AUTHORS' CONCLUSIONS: Naftopidil appears to have similar effects in the urological symptom scores and QoL compared to tamsulosin and silodosin. Naftopidil has similar sexual adverse events compared to tamsulosin but has fewer compared to silodosin.

摘要

背景

良性前列腺增生(BPH)是老年男性的常见病症,可能导致下尿路症状(LUTS)。治疗目标是缓解症状并预防疾病相关并发症。萘哌地尔是一种α受体阻滞剂(AB),对A1d受体具有高亲和力,在治疗这种情况下的LUTS可能具有优势。这是Cochrane系统评价的更新,首次发表于2009年。自那时以来,已有多项大型随机对照试验(RCT)报道,使得本次更新具有相关性。

目的

评估萘哌地尔治疗与BPH相关的LUTS的效果。

检索方法

我们使用多个数据库(Cochrane图书馆、MEDLINE、Embase、Scopus、LILAC和Web of Science)、试验注册库、其他灰色文献来源以及会议论文集进行了全面检索,对截至2018年5月31日的出版物语言或出版状态没有限制。

选择标准

我们纳入了所有平行RCT。我们还纳入了交叉设计试验。

数据收集与分析

两位综述作者独立对纳入研究的数据进行分类和提取。我们使用随机效应模型进行统计分析,并根据《Cochrane干预措施系统评价手册》进行解释。主要结局是泌尿系统症状评分、生活质量(QoL)以及因任何原因的治疗退出;次要结局是因不良事件、急性尿潴留、BPH手术干预以及心血管和性不良事件导致的治疗退出。我们将随机分组后12个月内测量的结局视为短期,12个月以后的视为长期。我们根据GRADE方法对证据的确定性进行评级。

主要结果

我们纳入了22项RCT,共2223名随机参与者,进行了四项短期随访比较。
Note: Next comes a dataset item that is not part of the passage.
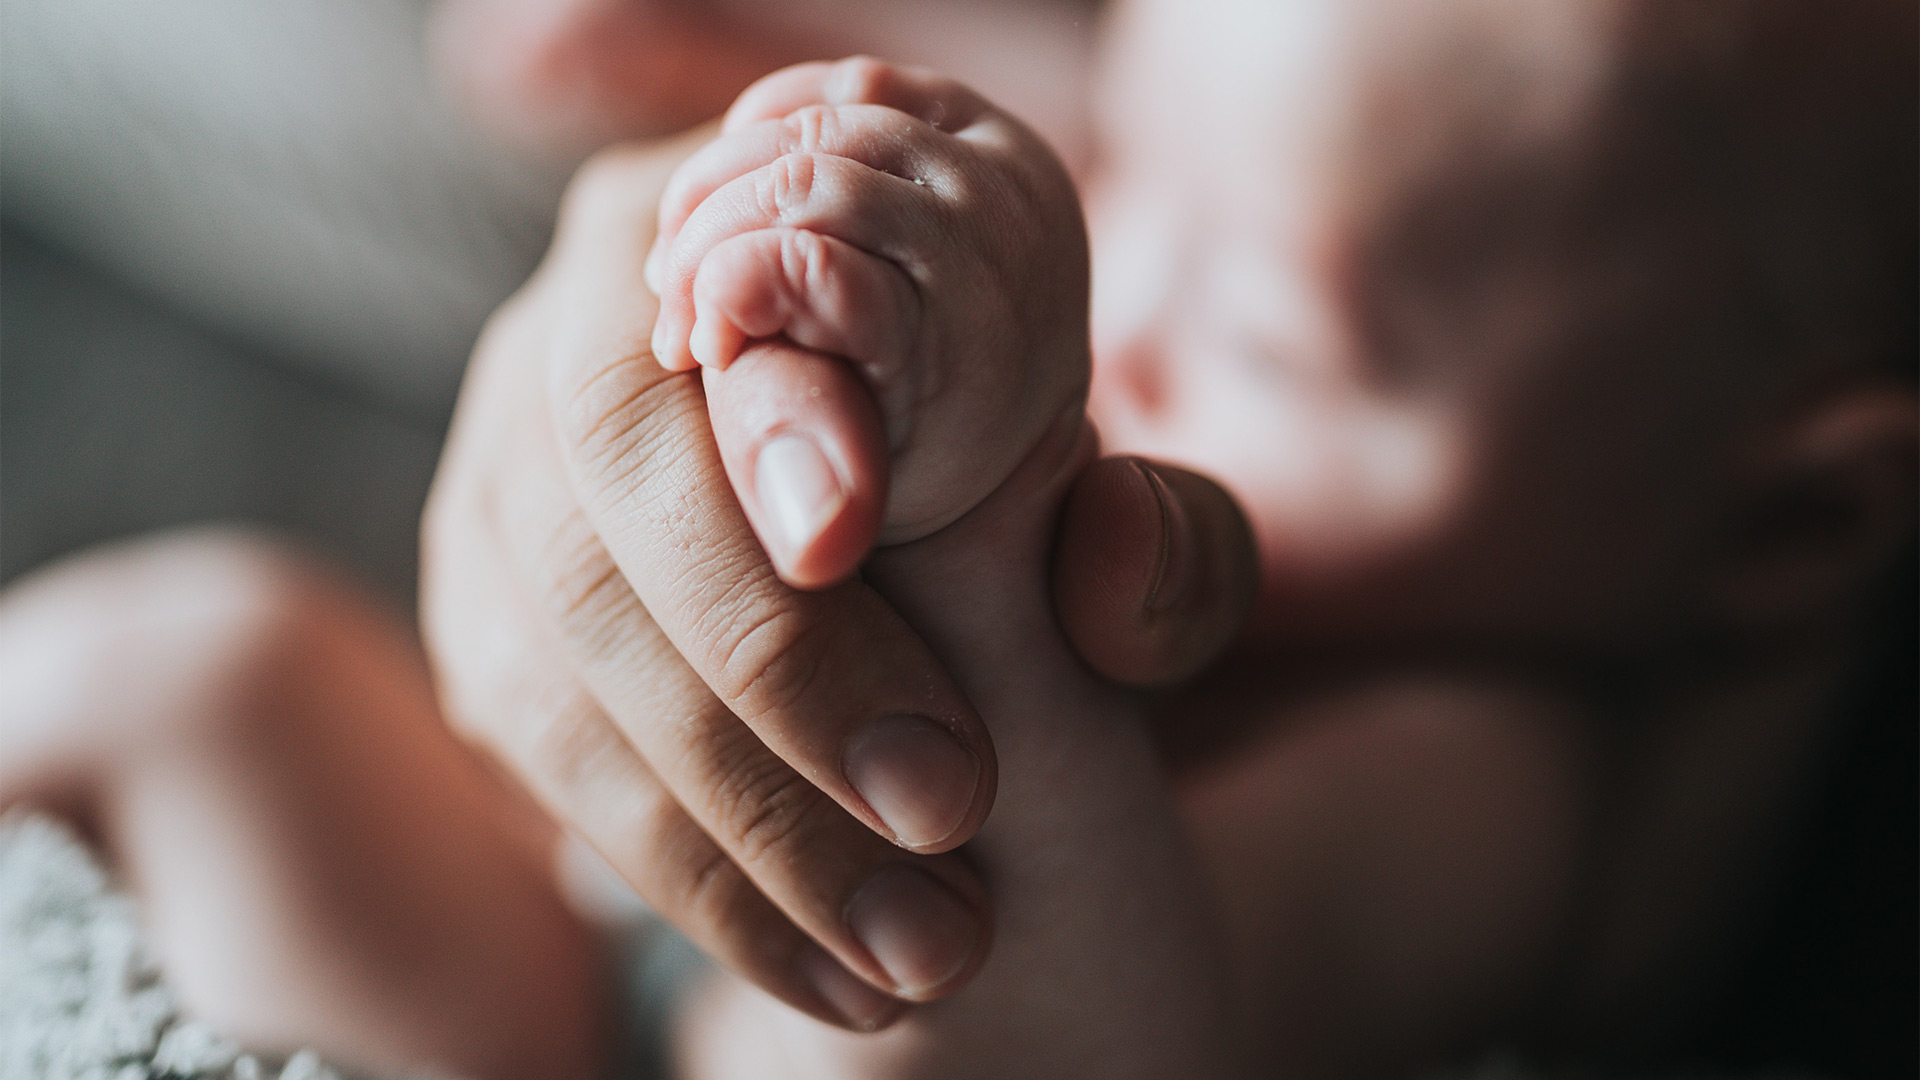 CENTOGENE Baby Hand image reference nathan-dumlao-EytWx3BOrwI-unsplash

本摘要仅关注四项比较中的两项,因为我们发现另外两个对照(即丙哌维林和前列康(植物疗法))很少使用。一项比较萘哌地尔与安慰剂的研究未报告任何相关结局,因此被排除。没有试验比较萘哌地尔或任何5α还原酶抑制剂(5-ARIs)联合治疗与其他ABs和任何5-ARIs联合治疗。所有纳入研究均在亚洲国家进行。研究持续时间为4至12周。平均年龄为67.8岁,前列腺体积为35.4 mL,国际前列腺症状评分为18.3。我们无法根据年龄和基线症状评分进行任何预先计划的亚组分析。

萘哌地尔与坦索罗辛比较

基于12项研究共965名随机参与者,萘哌地尔在泌尿系统症状评分(平均差值(MD)0.47,95%置信区间(CI)-0.09至1.04,评分范围为0至35,分数越高症状越严重)、QoL(MD 0.11,95% CI -0.09至0.30;评分范围为0至6,分数越高生活质量越差)以及因任何原因的治疗退出(风险比(RR)0.92,95% CI 0.64至1.34;相当于每1000名参与者减少7例,95% CI减少32例至增加31例)方面可能几乎没有差异。萘哌地尔在性不良事件方面可能几乎没有差异(RR 0.54,95% CI 0.24至1.22);这将导致每1000名参与者减少26例性不良事件(95% CI减少43例至增加13例)。我们将泌尿系统症状评分的证据确定性评为中等,其他结局的证据确定性评为低。

萘哌地尔与西洛多辛比较

基于5项研究共652名随机参与者,萘哌地尔在泌尿系统症状评分(MD 1.04,95% CI -0.78至2.85)、QoL(MD 0.21,95% CI -0.23至0.66)以及因任何原因的治疗退出(RR 0.80,95% CI 0.52至1.23;相当于每1000名参与者减少26例,95% CI减少62例至增加32例)方面可能几乎没有差异。我们将所有这些结局的证据确定性评为低。萘哌地尔可能减少了性不良事件(RR 0.15,95% CI 0.06至0.42;相当于每1000名参与者减少126例性不良事件,95% CI减少139例至减少86例)。我们将性不良事件的证据确定性评为中等。

作者结论

与坦索罗辛和西洛多辛相比,萘哌地尔在泌尿系统症状评分和QoL方面似乎具有相似的效果。与坦索罗辛相比,萘哌地尔的性不良事件相似,但与西洛多辛相比更少。